While some of those observations remain mysterious, Narazaki and her colleagues suggest that many animals might swim in circles to collect navigational information. The team speculates that these movement patterns may even represent an intuitive connection to Earth’s geomagnetic field.
“Interestingly, submarines also circle during geomagnetic observation because accurate measurement can be achieved by using values measured from all directions to cancel noises, such as hull magnetization,” the researchers note in the study.
“Animals might circle to derive directional/positional cues from the geomagnetic field, especially in navigationally challenging situations,” they added.
Of course, the team also offers the possibility that these animals circle for multiple known and unknown reasons at the same time. Species may circle as a foraging strategy while simultaneously picking up geomagnetic information from Earth’s magnetic field.

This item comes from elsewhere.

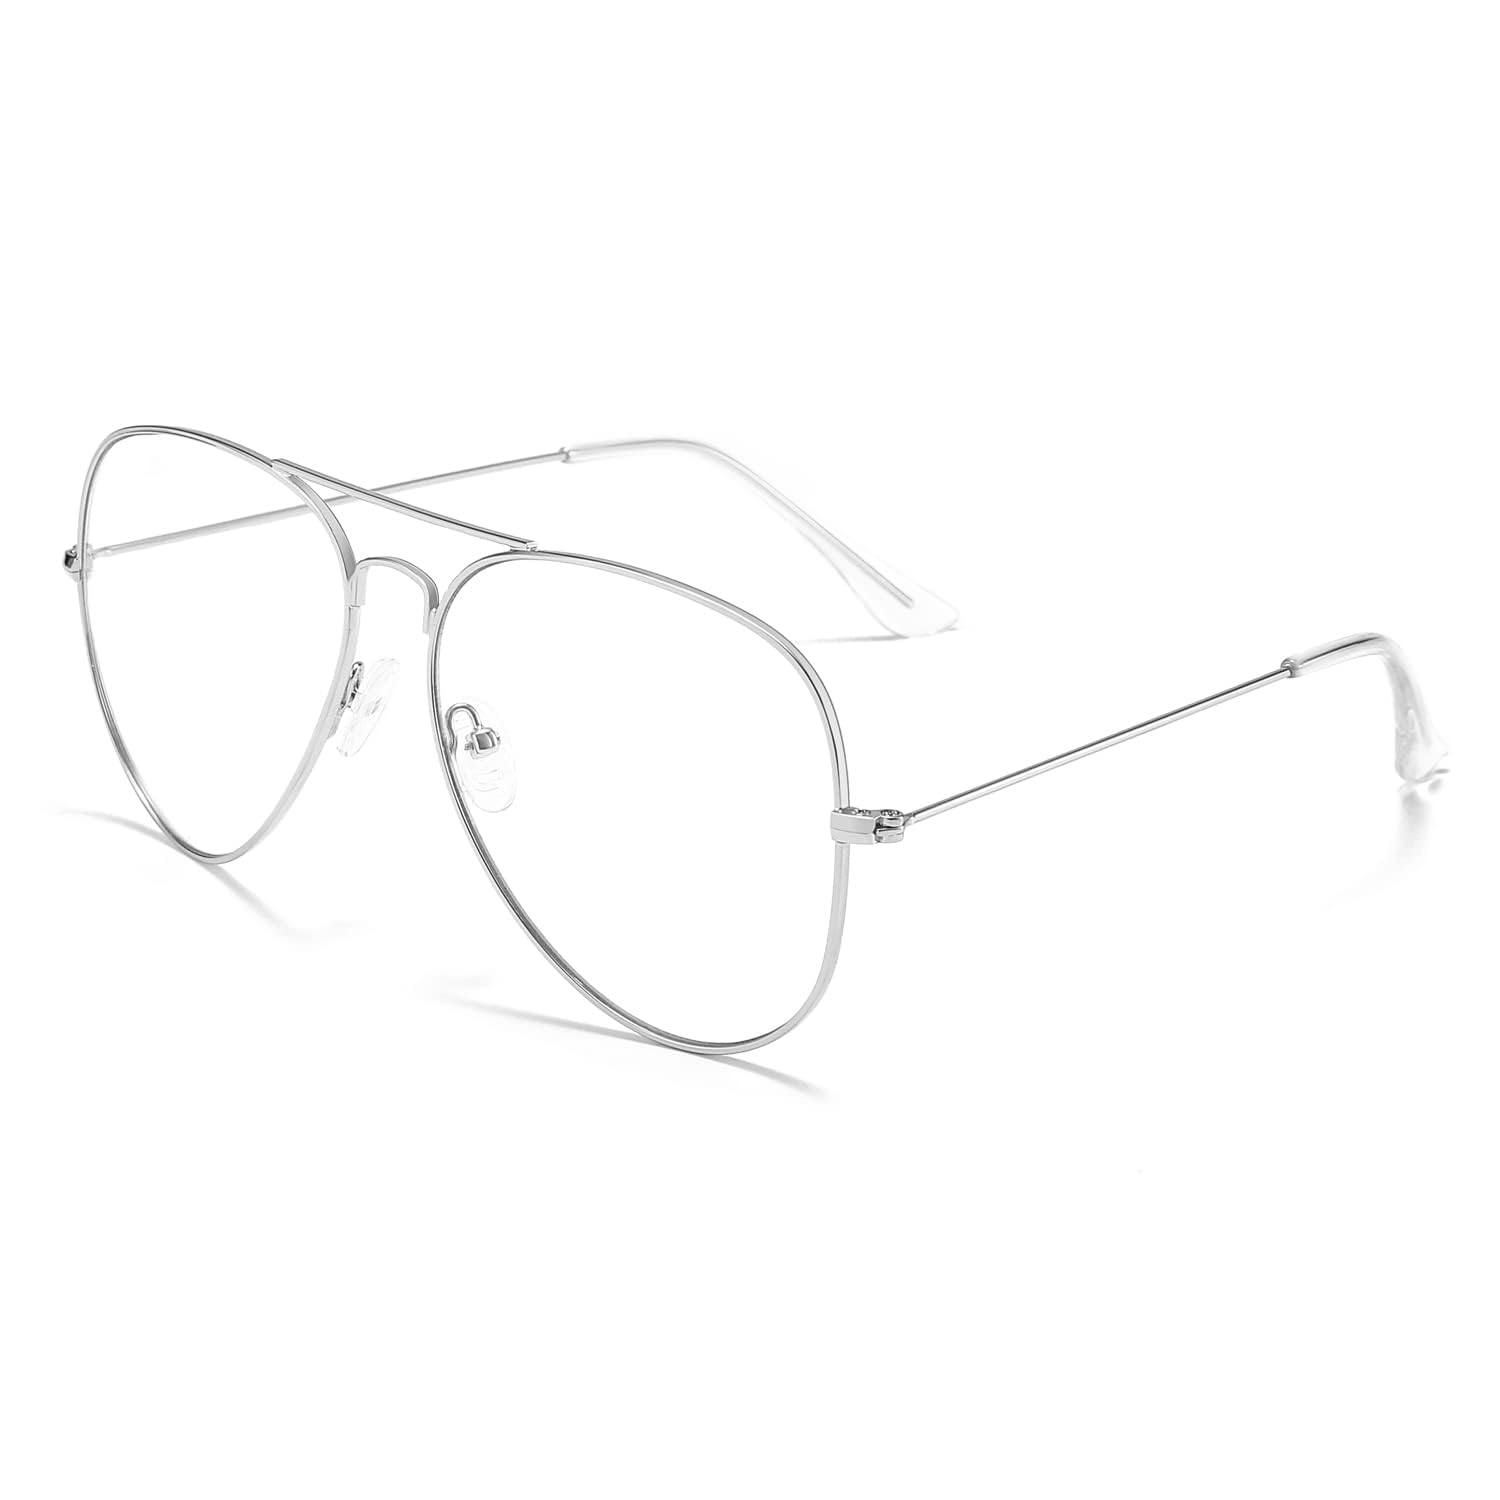 [Dollger] 伊達メガネ ファッションメガネ 度なし 軽量 UVカット 紫外線カット Aviatorメガネ 眼鏡 透明レンズ 金属フレーム 小顔効果 レトロスタイル おしゃれ レディース メンズ シルバー
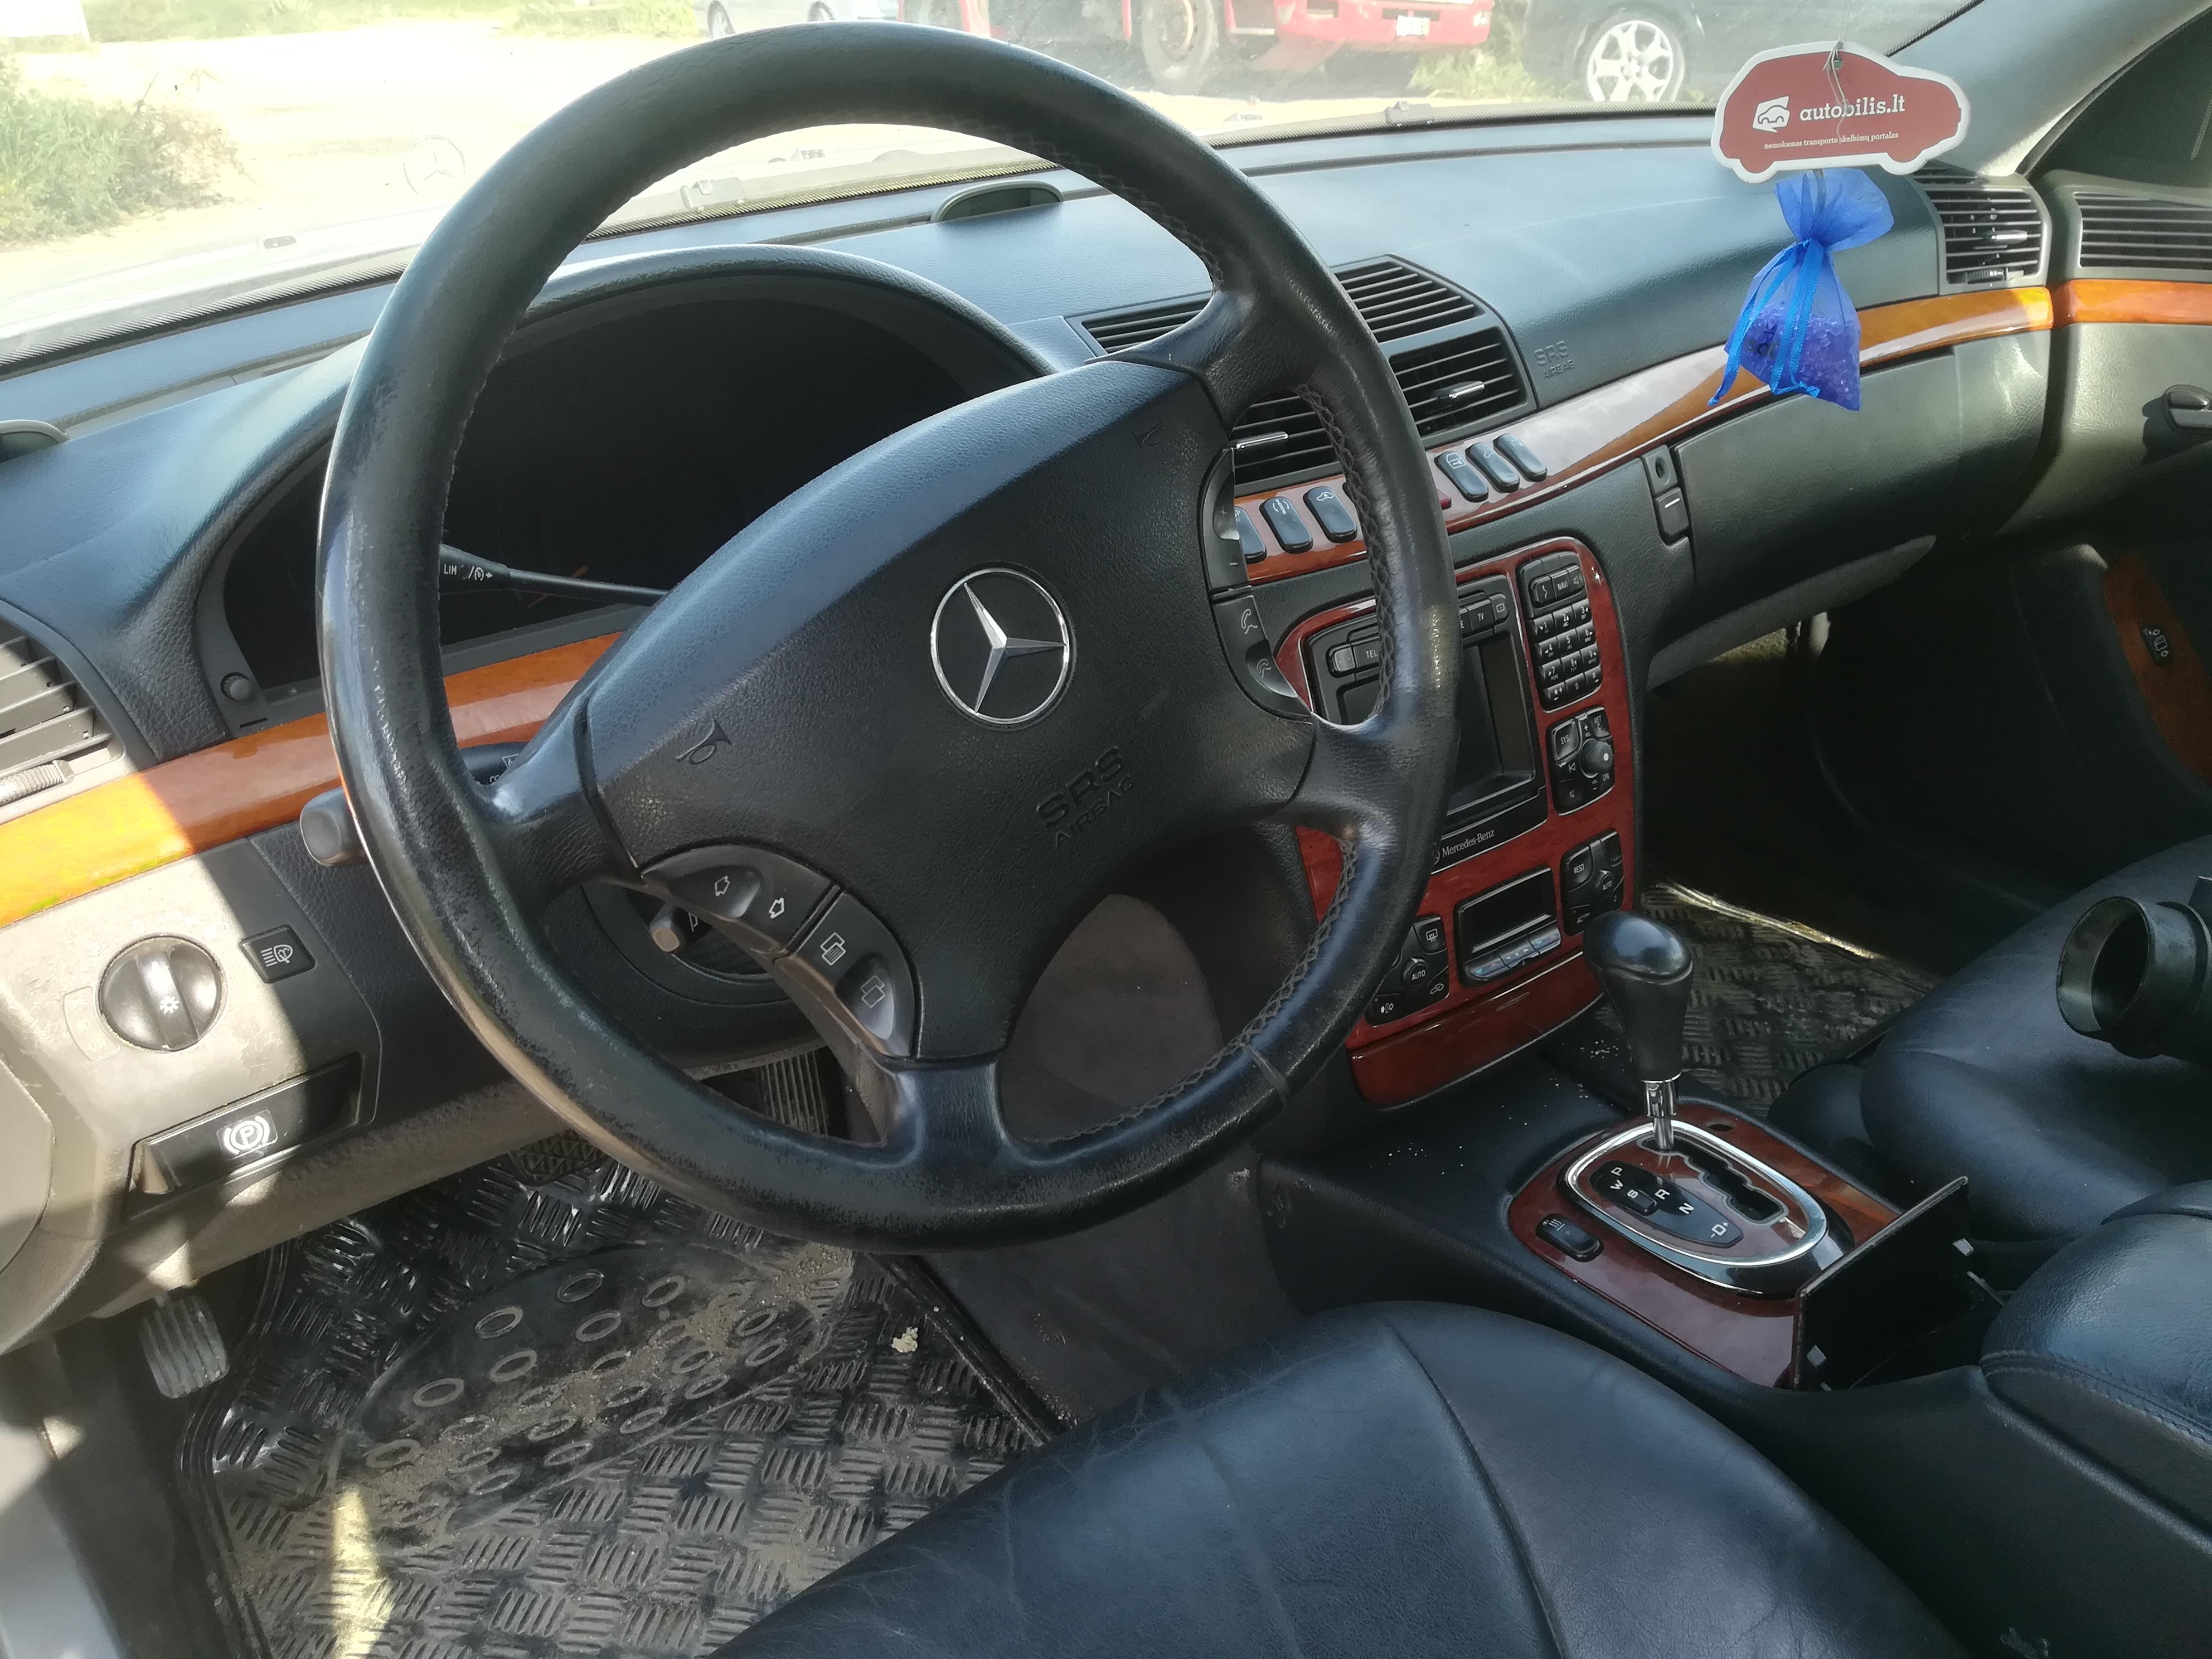 Подержанные Автозапчасти Mercedes-Benz S-CLASS 2001 3.2 автоматическая седан 4/5 d. Серый 2019-9-12

To understand the circling behavior better—and perhaps unlock new discoveries about the habits of marine animals—Narazaki and her colleagues hope to integrate some of the short-term data collected from tags with long-term satellite tracking.
“Integration of such high-resolution data-logging systems into satellite tracking would help track animals’ fine-scale movements for much longer periods,” Narazaki explained.
The team also hopes to conduct more undersea observations with video cameras and sensors that can contextualize the “landscapes, landmarks, and presence of other individuals of the same and/or other species” during these circling events, according to the study.
“Our study reports the discovery of enigmatic circling movements—it raises many potential hypotheses for why such a wide variety of animals show similar circling behavior,” Narazaki said.
“We would like to examine animal movements in relation to animals’ internal state and environmental conditions to examine why they circle,” she concluded. “Some hypothesis-testing experiments would be necessary to understand the function and mechanism underlying circling movements.”
Update: This article has been updated to include comments from study lead Tomoko Narazaki of the University of Tokyo.